What is a flea’s life cycle? How can we protect our pets and how can we treat our homes to get rid of them?
Fleas can be a very big nuisance for pets’ parents. Knowing a flea’s life cycle can help you tackle this issue the right way and prevent them from coming back.
I have broken down the short guide below, so that you get an insight on all the key information that will help you fight flea infestations.
Types of Fleas
The 6 most common types of fleas which affect dogs and cats are:
- Cat flea
- Dog fea
- Human flea
- Oriental rat flea
- Tropical hen flea
- Rabbit flea
Cat flea: Its scientific name is Ctenocephalides felis and its principal host is the domestic cat.
Adults of both sexes range from 1–2 mm long and are usually a reddish-brown colour.
The cat flea affects both cats and dogs and can also maintain its life cycle on other species. These, however, are just chosen as a backup if their chosen host is unavailable. Adult fleas do not normally leave their hosts, so inter-animal transfer is rare, unless these animals are sleeping in the same place. Once the flea separates from its host, it will often die within hours.
Dog flea: Its scientific name is Ctenocephalides canis and its principal hosts are dogs and cats.
The dog flea can cause tapeworm in both dogs and cats if left untreated.
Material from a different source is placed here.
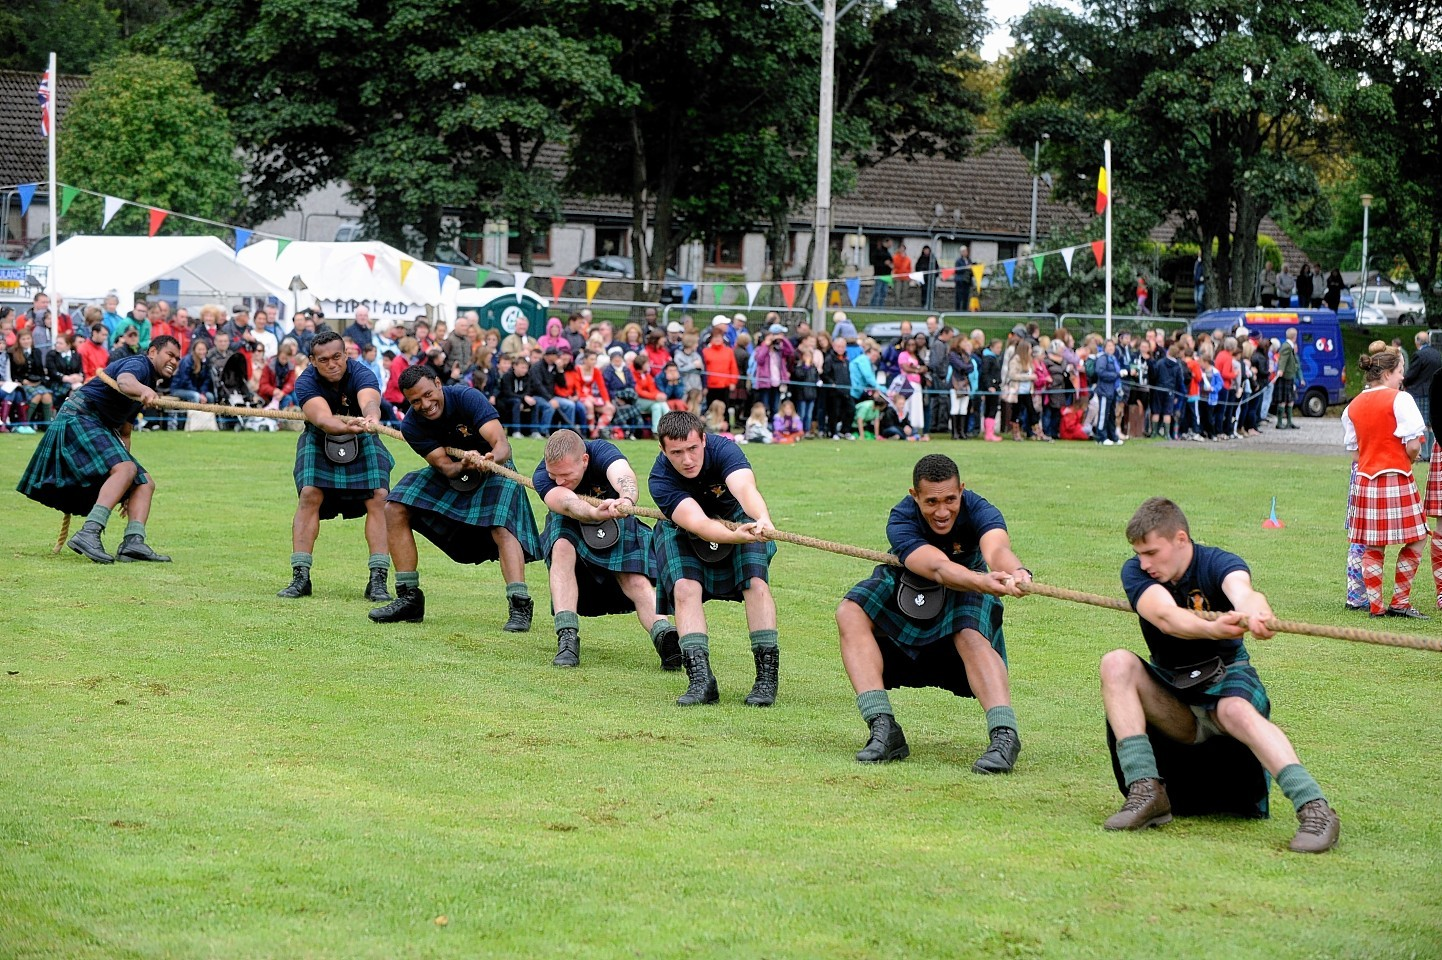 The tug o' war at Ballater Highland Games

They mainly feed on dogs and cats’ blood but they can also bite humans.
They can lay up to 4000 eggs both on the host’s fur and the environment they live in, making infestation control a real challenge.
Human flea: Also called ‘House flea‘. Its scientific name is Pulex irritans and its principal host is humans but it can also infest cats, dogs, and many other domestic animals, particularly pigs.
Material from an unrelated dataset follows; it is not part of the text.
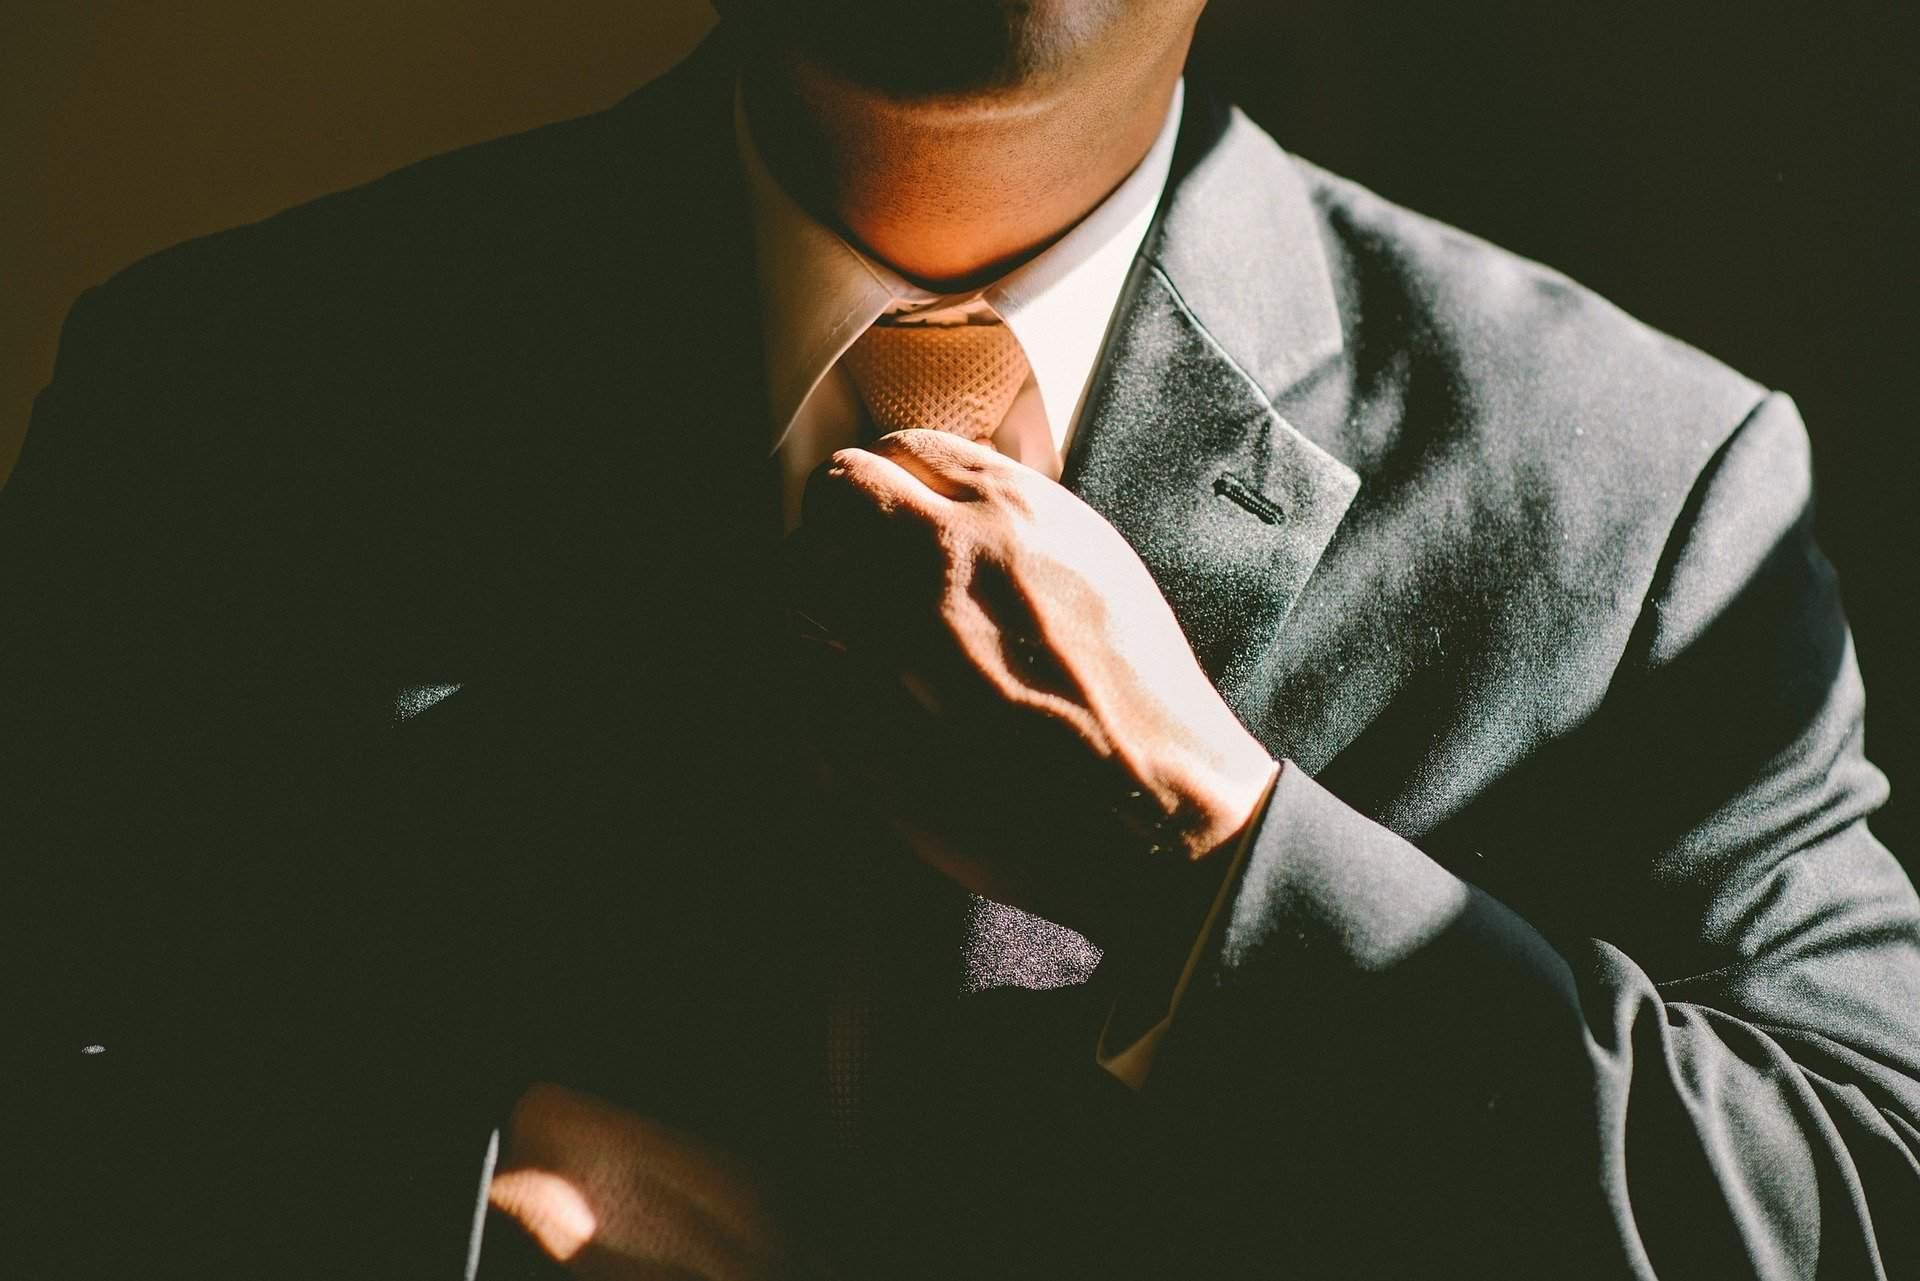 Caela se adhiere al Pacto Mundial de empresas socialmente responsables

Their eggs are often laid on the body of the host, but they often fall off and therefore will be found on carpets, the host’s bed, etc.
The human flea can be a carrier of the plague bacterium. Plague killed millions of people in Eurasia during the Middle Ages. Without prompt treatment, the disease can cause serious illness or death.
Oriental rat flea: Also called ‘Tropical rat flea‘. Its scientific name is Xenopsylla cheopis and its principal hosts are rodents.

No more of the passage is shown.